** REQUIRED ACTION **
In the data below, how many lines include the word "have"? Give only the number.

** INPUT MATERIAL **
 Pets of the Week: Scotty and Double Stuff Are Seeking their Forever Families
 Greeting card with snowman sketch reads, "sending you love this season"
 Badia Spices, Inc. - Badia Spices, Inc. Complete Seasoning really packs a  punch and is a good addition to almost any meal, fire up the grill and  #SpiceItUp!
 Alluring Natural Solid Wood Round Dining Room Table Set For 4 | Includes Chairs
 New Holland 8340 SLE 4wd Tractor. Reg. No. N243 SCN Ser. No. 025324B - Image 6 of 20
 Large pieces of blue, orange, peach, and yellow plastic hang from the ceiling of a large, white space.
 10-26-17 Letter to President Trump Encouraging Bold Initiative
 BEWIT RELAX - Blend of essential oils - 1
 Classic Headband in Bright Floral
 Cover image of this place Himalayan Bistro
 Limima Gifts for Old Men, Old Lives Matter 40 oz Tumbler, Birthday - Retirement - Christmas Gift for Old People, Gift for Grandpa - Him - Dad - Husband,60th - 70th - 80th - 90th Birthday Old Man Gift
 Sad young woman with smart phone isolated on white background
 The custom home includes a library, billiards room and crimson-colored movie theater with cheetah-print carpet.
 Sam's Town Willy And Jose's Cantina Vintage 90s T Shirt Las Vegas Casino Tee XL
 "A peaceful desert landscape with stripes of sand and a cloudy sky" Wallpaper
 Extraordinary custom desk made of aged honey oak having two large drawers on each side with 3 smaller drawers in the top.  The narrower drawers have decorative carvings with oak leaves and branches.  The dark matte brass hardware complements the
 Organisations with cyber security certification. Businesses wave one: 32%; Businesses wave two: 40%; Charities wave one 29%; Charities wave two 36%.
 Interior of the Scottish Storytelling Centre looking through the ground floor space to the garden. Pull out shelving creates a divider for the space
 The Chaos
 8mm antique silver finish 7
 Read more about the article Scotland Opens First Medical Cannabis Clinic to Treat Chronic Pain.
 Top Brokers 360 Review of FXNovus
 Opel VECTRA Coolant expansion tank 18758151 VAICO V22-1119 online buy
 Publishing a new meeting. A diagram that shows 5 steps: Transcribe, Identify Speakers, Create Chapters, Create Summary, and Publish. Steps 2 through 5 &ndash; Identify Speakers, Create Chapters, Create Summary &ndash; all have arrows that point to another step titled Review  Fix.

** WRITTEN SOLUTION **
2